## To do
Once you reach the line with "Uma mensagem pode" in the material below, copy each line exactly up to and including the line with "El Presidente Iván", and skip the pictures.

START Data for review

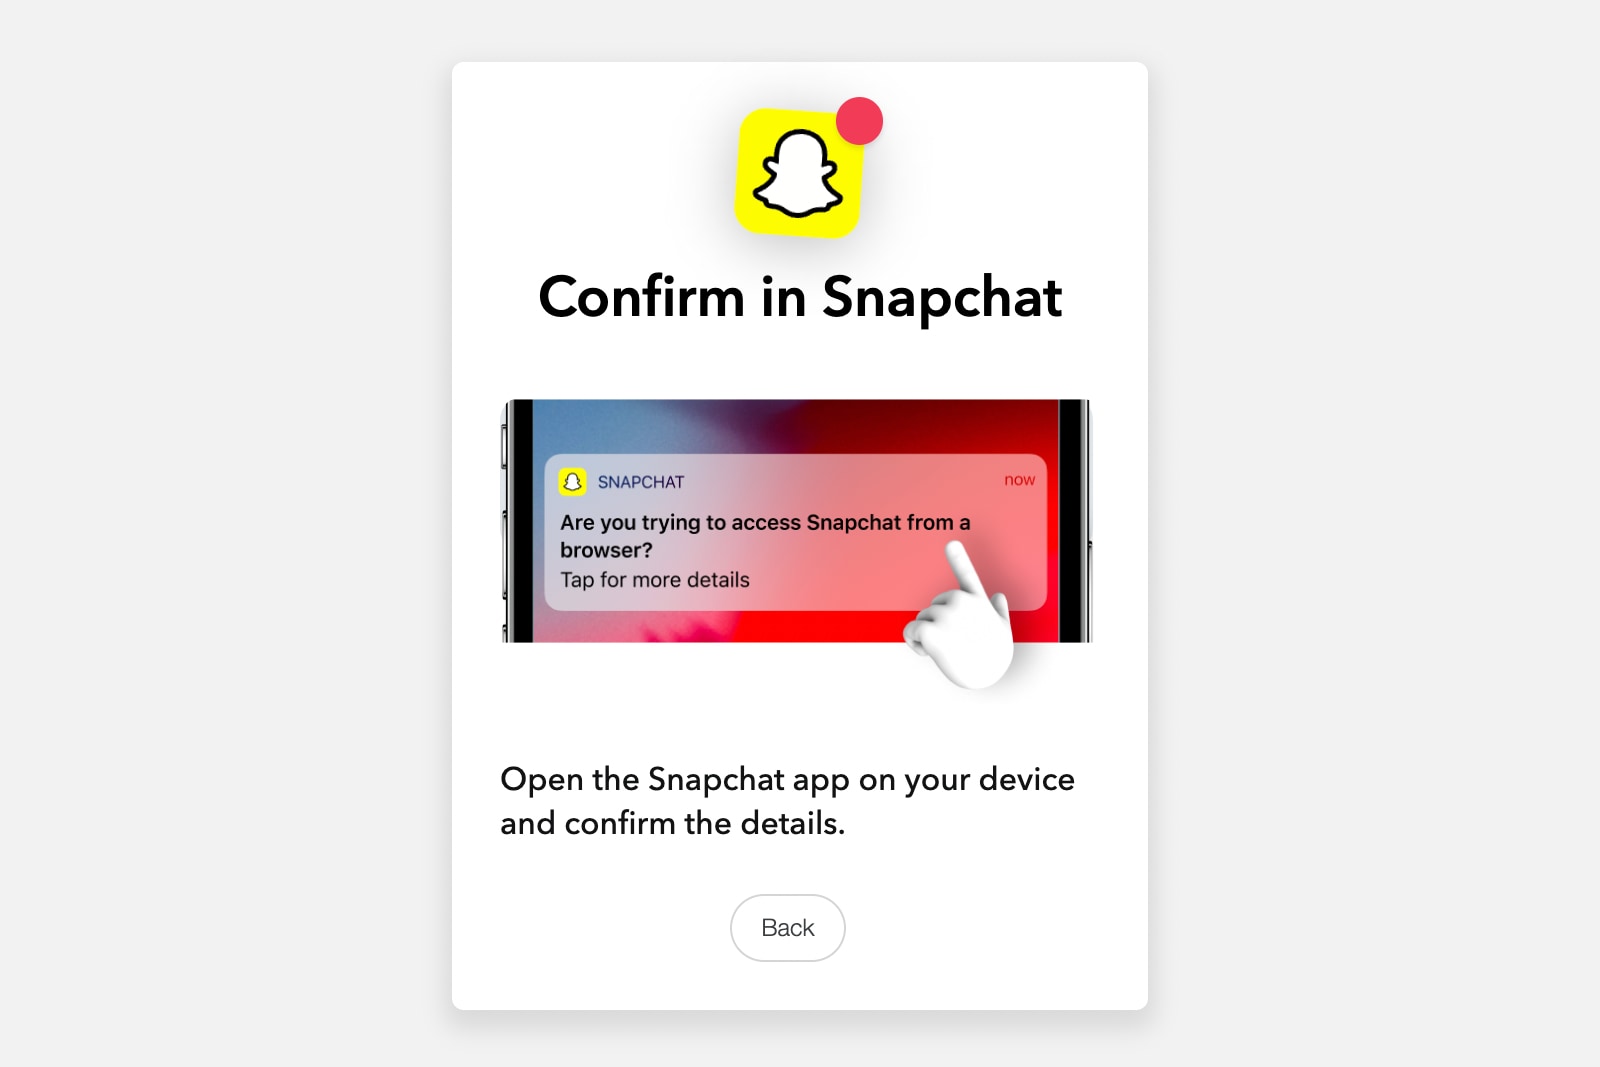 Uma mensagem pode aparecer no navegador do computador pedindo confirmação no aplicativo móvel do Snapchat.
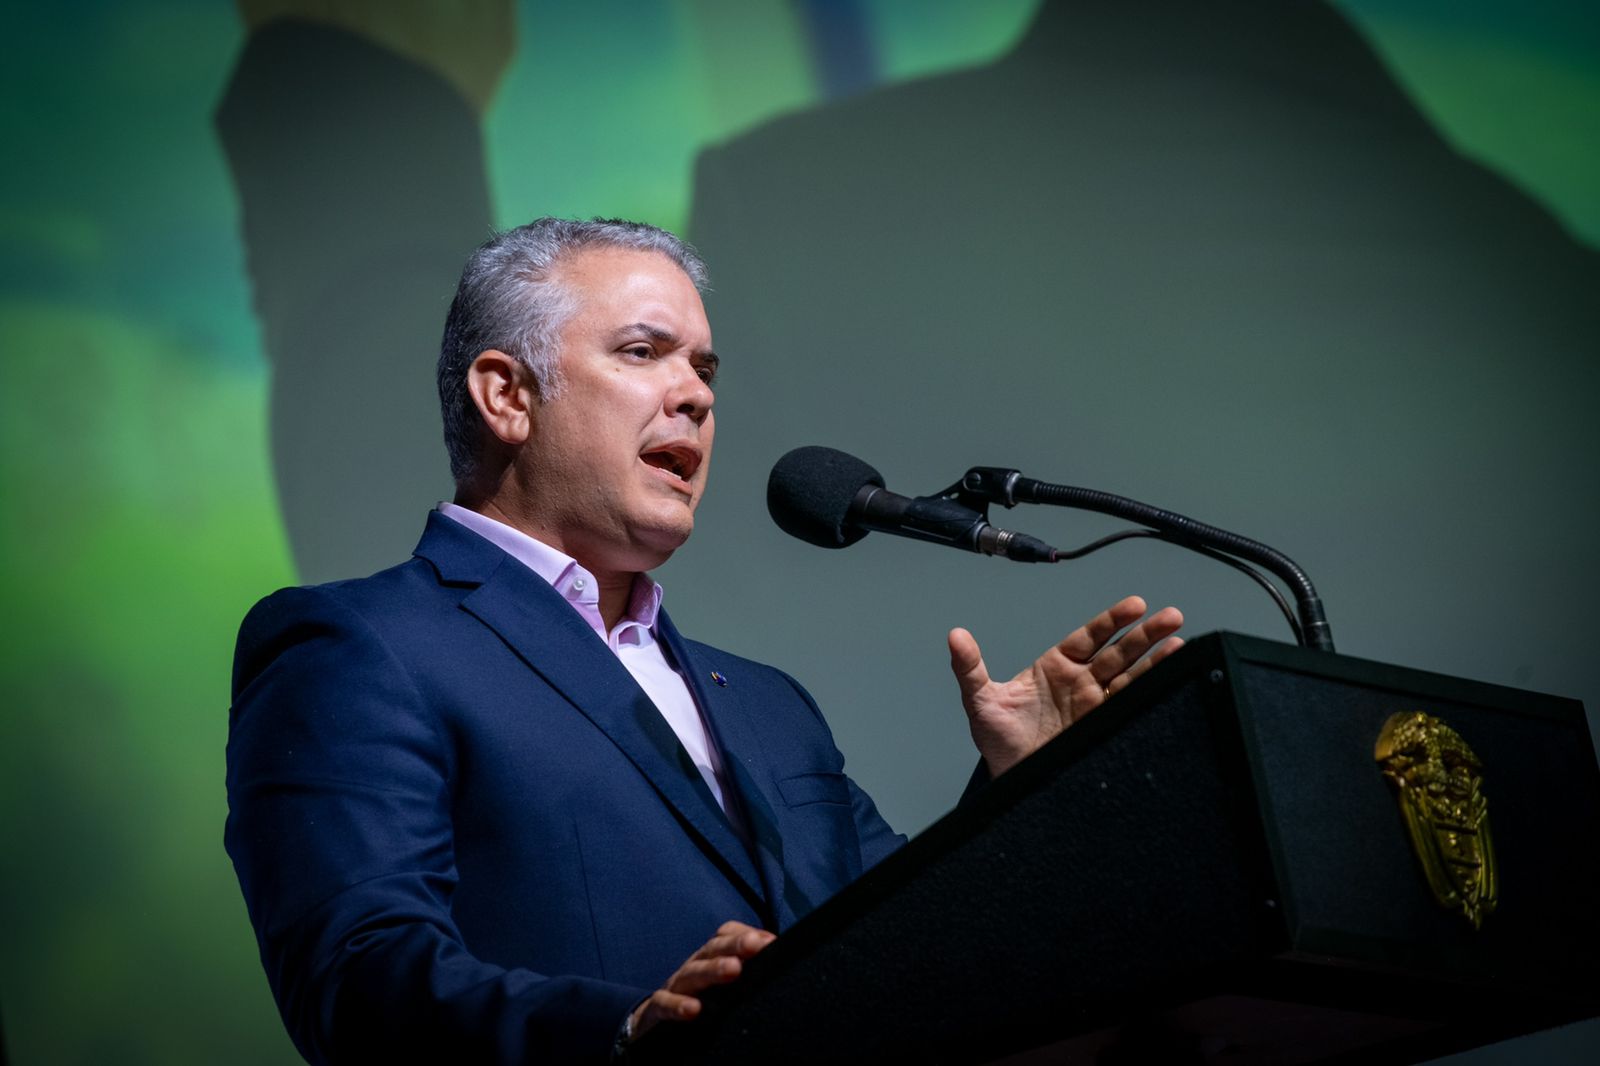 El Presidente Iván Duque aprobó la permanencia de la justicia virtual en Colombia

END Data for review
START Data for review

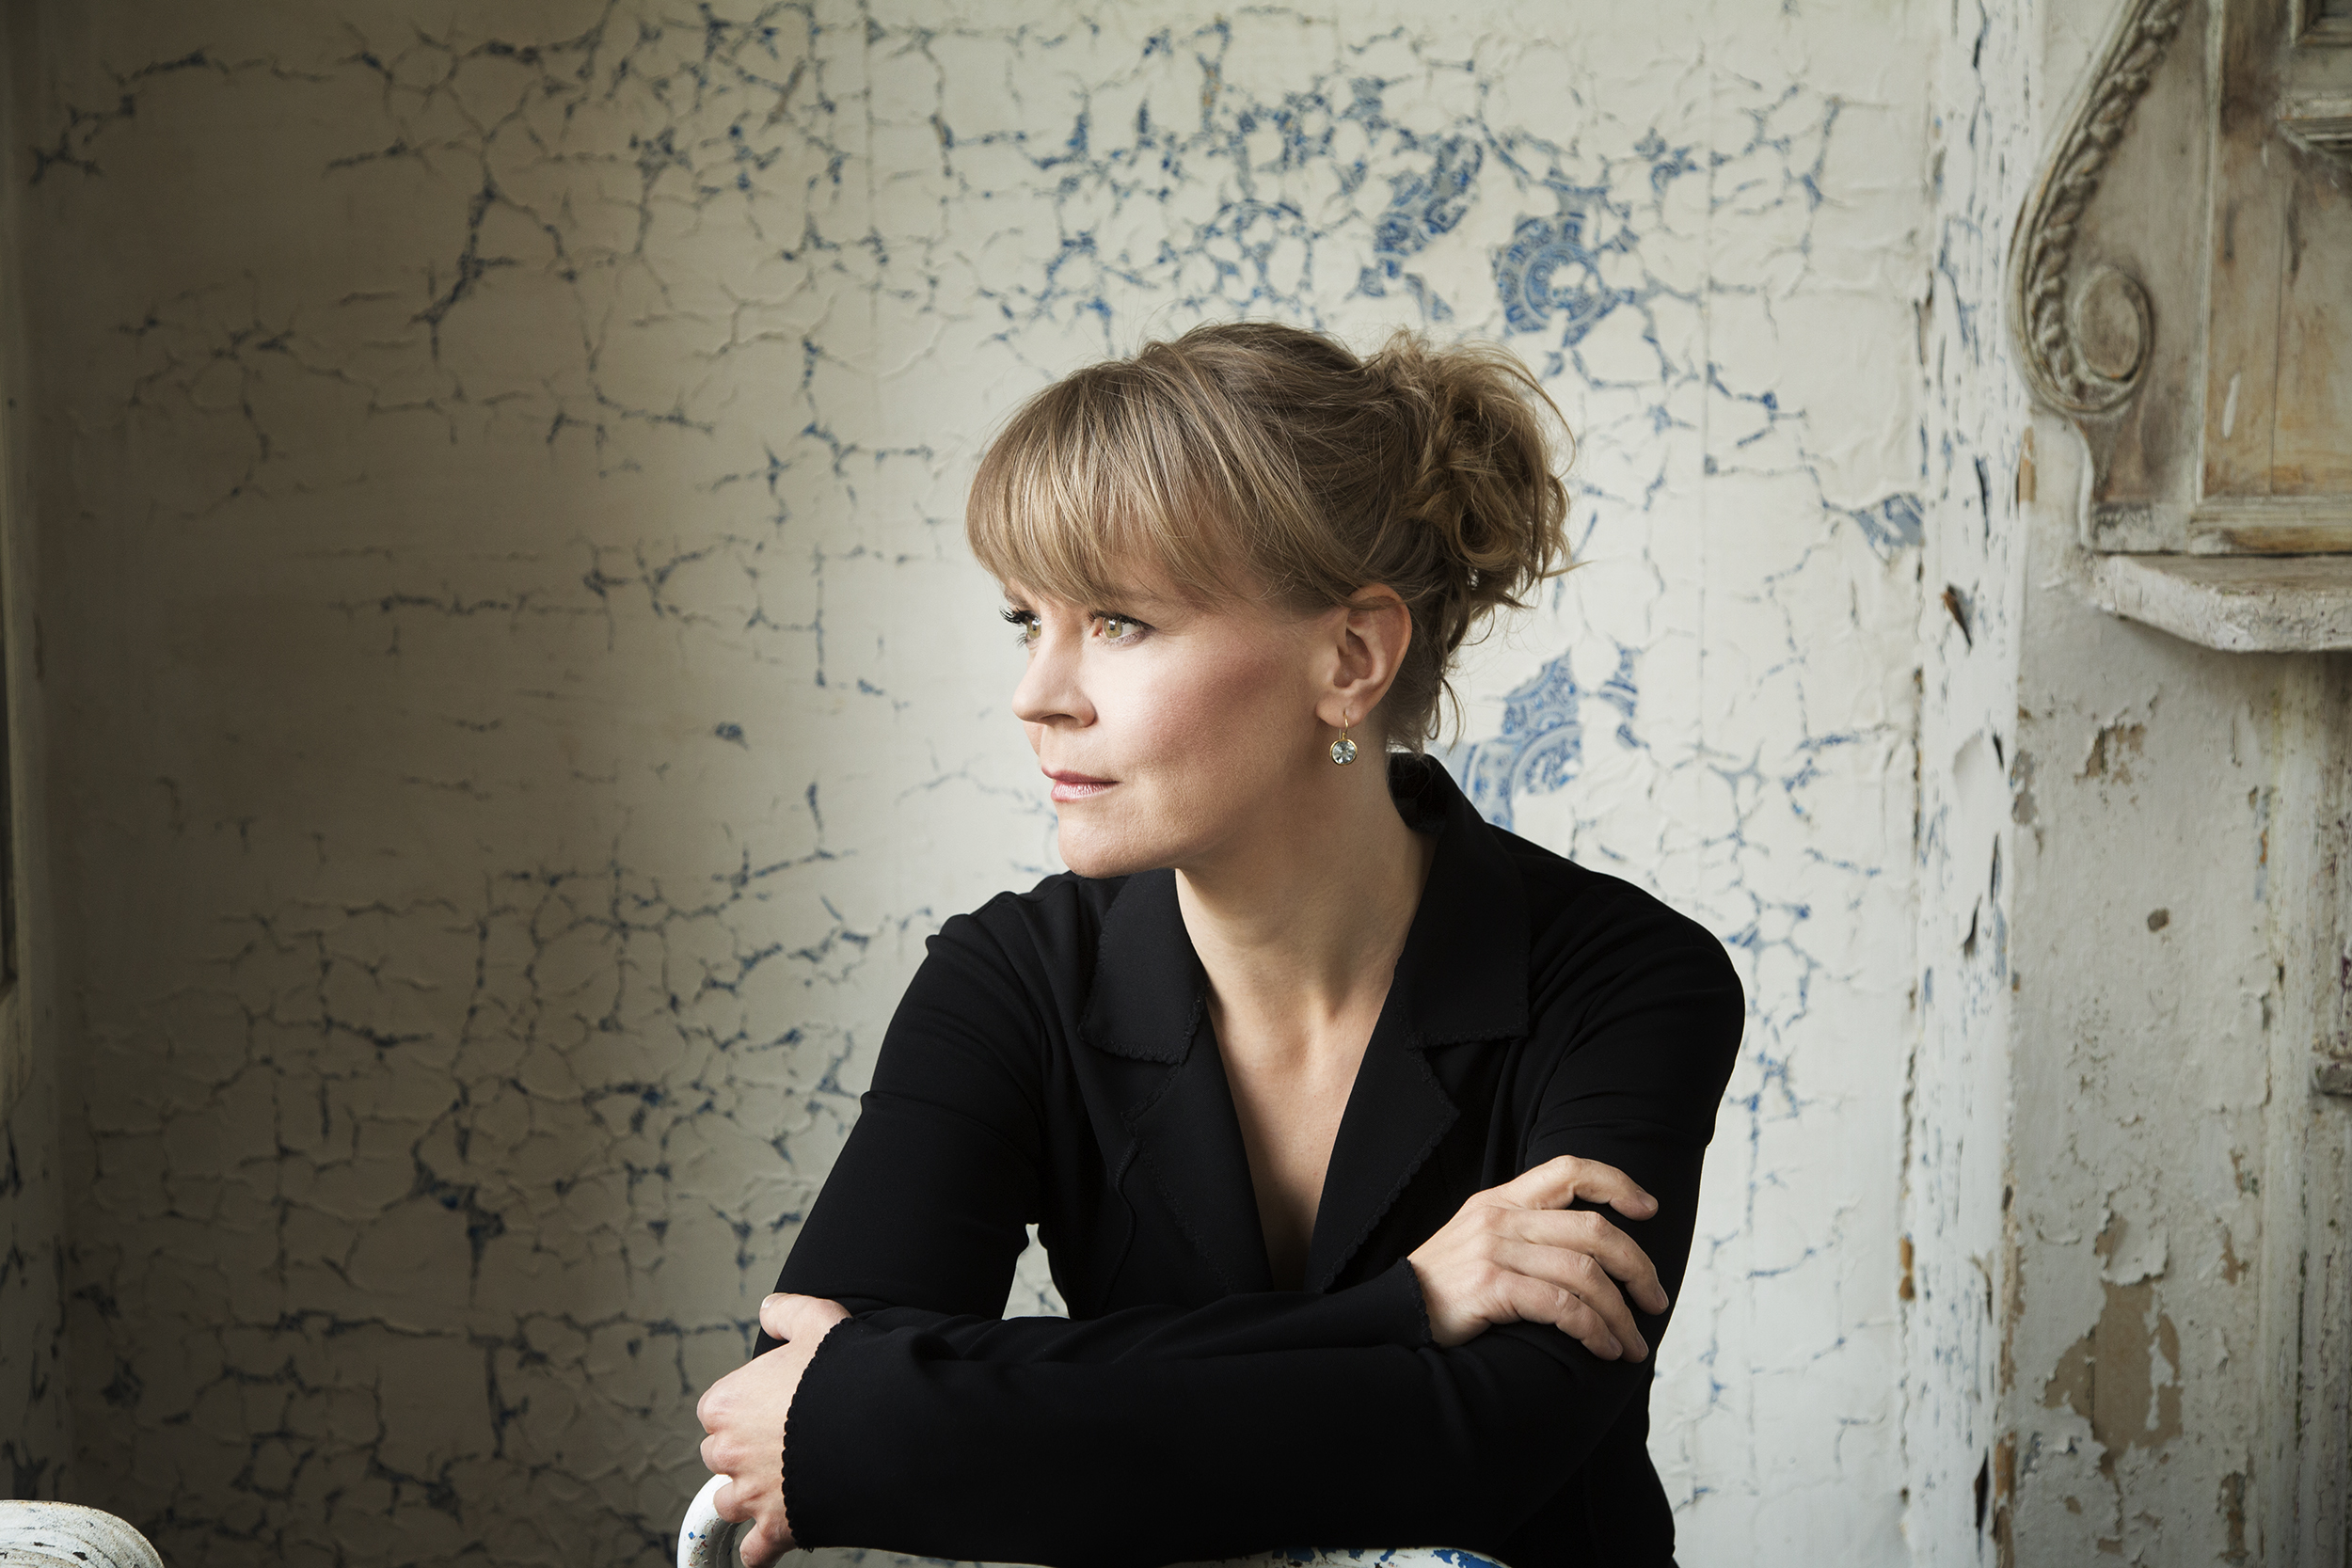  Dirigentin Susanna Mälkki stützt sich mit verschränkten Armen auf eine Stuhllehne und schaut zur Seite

END Data for review

## Response below
 Uma mensagem pode aparecer no navegador do computador pedindo confirmação no aplicativo móvel do Snapchat.
 El Presidente Iván Duque aprobó la permanencia de la justicia virtual en Colombia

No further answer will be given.